Shugurova debuted on the world stage as a 15-year-old in Varna, Bulgaria at the 1969 World Championships, winning gold medals in rope and ball. At 15, she made her first appearance at the USSR championships, placing second in the all-around. The following year she won a bronze medal in the USSR Cup competition and was also successful in international competitions in the former Yugoslavia, where the journalists voted her the "most engaging" gymnast.

At the 1973 World Championships in Rotterdam, Netherlands, Shurugova shared the world crown in the all-around with Bulgarian Maria Gigova. She also won gold medals in ribbon, ball and clubs. Both of the ribbon routines at this Championship were to the same music – a piece from Georges Bizet's ballet "Carmen".

In 1974, she performed on a Soviet Union national team tour of the United States. Although she was initially assigned to compete at the 1975 World Championships, which were held in Madrid, Spain, due to political issues in the wake of the end of Francoist Spain, the trip was cancelled at the last minute. Shurugova did not compete internationally for two years.

She began to experience lower back pain in 1977 and was diagnosed with osteochondrosis and dysplasia in her spine. Medical treatment was successful, and she won several more gold medals in the event finals at the 1977 World Rhythmic Gymnastics Championships. She was silver in the all-around, which greatly disappointed her, and she was seen crying.

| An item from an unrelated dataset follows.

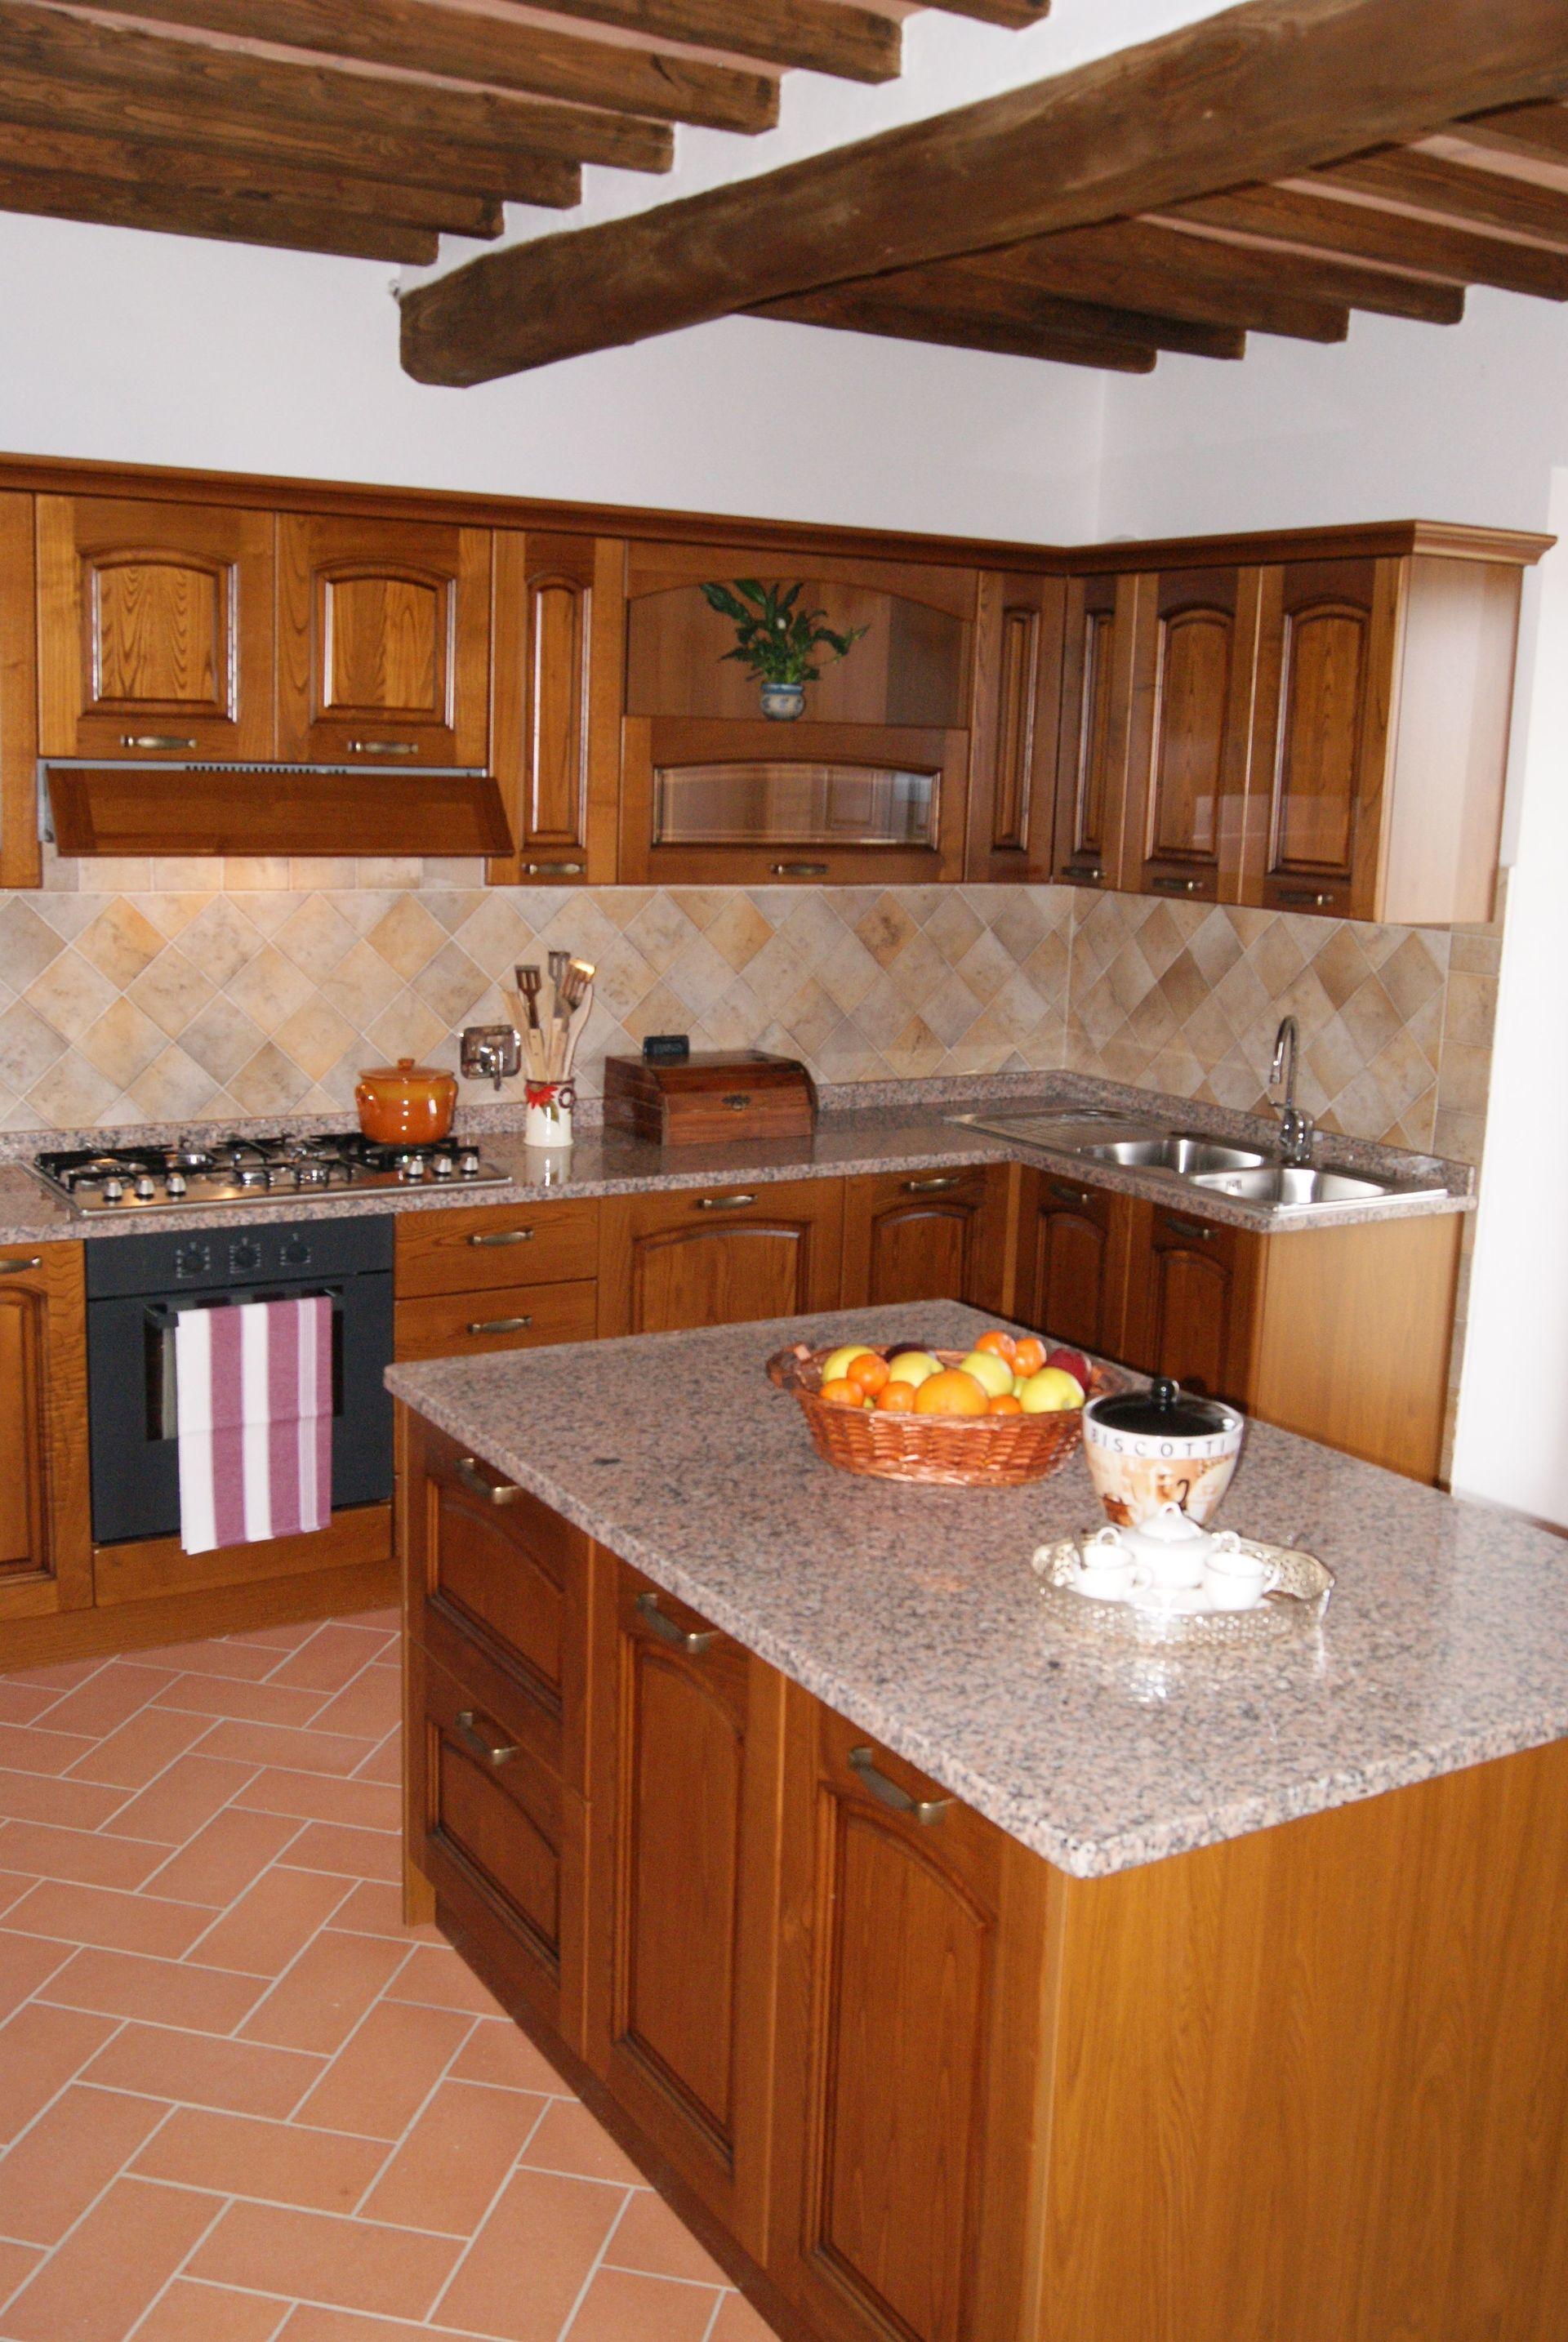 La capanna leopoldina casa vacanze con 10 posti letto in for Capanna con 4 camere da letto

Shurugova was the third Soviet rhythmic gymnast to become world all-around champion—after Ludmila Savinkova (1963) and Elena Karpuchina (1967)—and the first ever European all-around champion in 1978.

== Influence ==

Although apparatus difficulties are not currently officially named in rhythmic gymnastics, Shugurova helped create a new rhythmic gymnastics element named after her. The "Shugurova" consists of tipping or spinning a rolling hoop with the feet during a leap.

== Achievements ==

- First ever winner of the European Championships in 1978.